Follow Warren Buffett, Jim Rogers ... and Gisele Bundchen

Gisele Bundchen wants to remain the world's richest model and is insisting that she be paid in almost any currency but the U.S. dollar.

Like billionaire investors Warren Buffett and Bill Gross, the Brazilian supermodel, who Forbes magazine says earns more than anyone in her industry, is at the top of a growing list of rich people who have concluded that the currency can only depreciate because Americans led by President George W. Bush are living beyond their means. [...] Analysts in a Bloomberg survey expect the dollar to strengthen in coming months as stronger-than-forecast reports suggest U.S. consumers will keep the economy out of recession. Payrolls grew by 166,000 in October, double the median forecast of economists in a Bloomberg survey.

The dollar will rise to $1.43 per euro this year and $1.35 by the end of 2008, according to the median estimate in the survey.

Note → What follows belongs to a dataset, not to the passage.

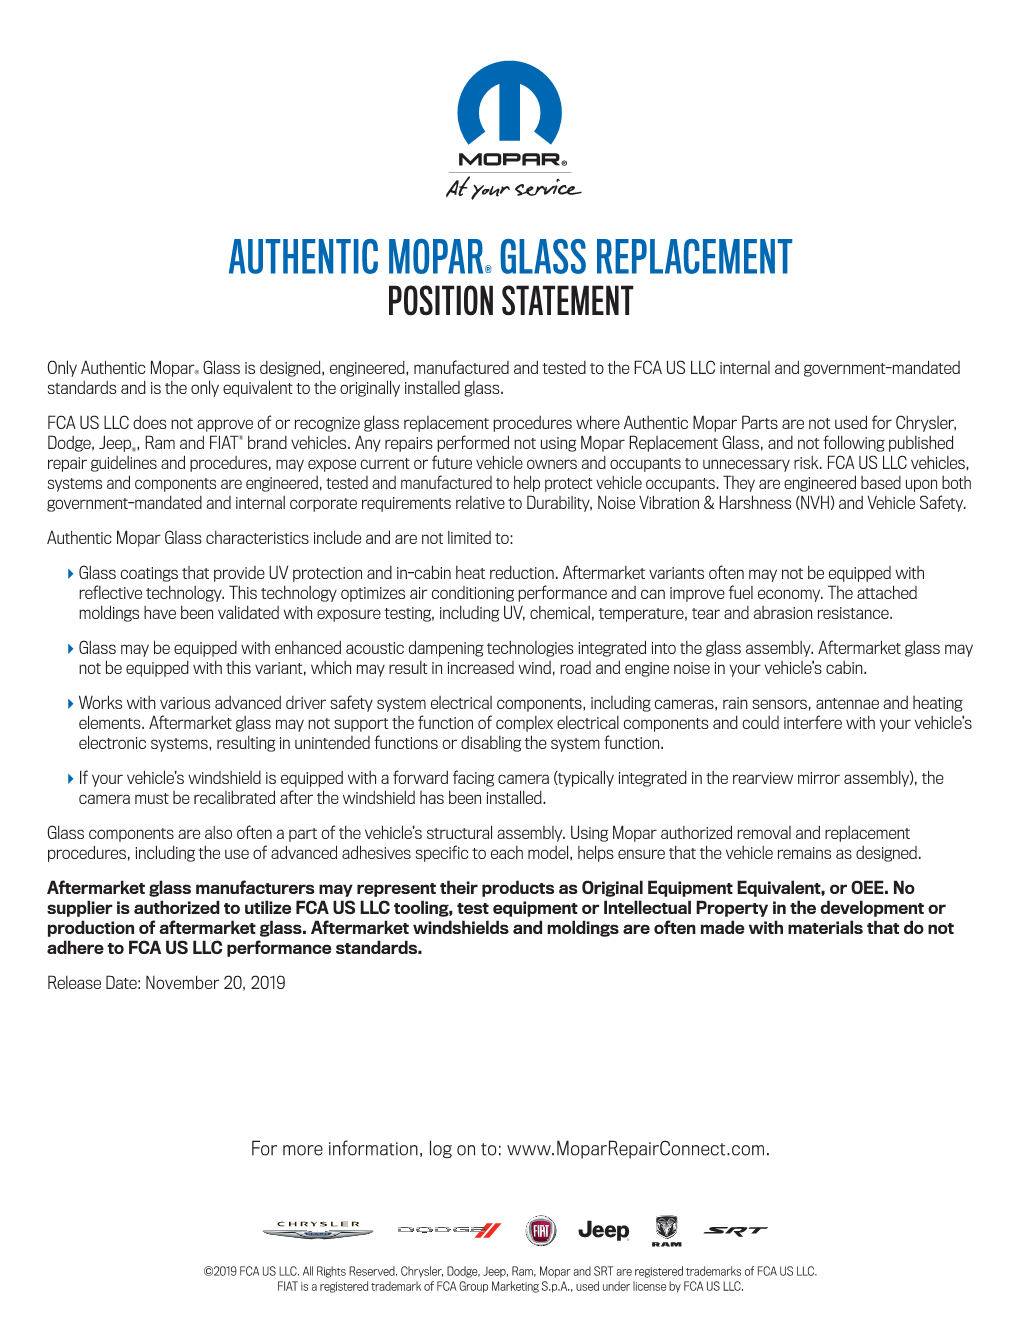 Authentic Mopar® Glass Replacement Position Statement

"So far the data has shown the U.S. economy may not be slowing to the extent the majority of the market had expected,'' said Omer Esiner, an analyst at currency-trading company Ruesch International Inc. in Washington who expects the U.S. currency to strengthen to as much as $1.38 per euro. "That could temper policy easing down the road and lend support for the dollar.''

Buffett, whom Forbes in April ranked as the world's third- richest person behind Bill Gates and Carlos Slim, told reporters in South Korea last month that he is bearish on the U.S. currency. "We still are negative on the dollar relative to most major currencies, so we bought stocks in companies that earn their money in other currencies,'' Buffett said Oct. 25. Buffett, 77, is chairman of Omaha, Nebraska-based Berkshire Hathaway Inc.

Jim Rogers, a former partner of investor George Soros, said last month he's selling his house and all his possessions in the U.S. currency to buy China's yuan.

"The dollar is collapsing,'' Rogers said last week in an interview. "I'm moving to Asia because moving to Asia now is like moving to New York in 1907 or London in 1807. It's the wave of the future.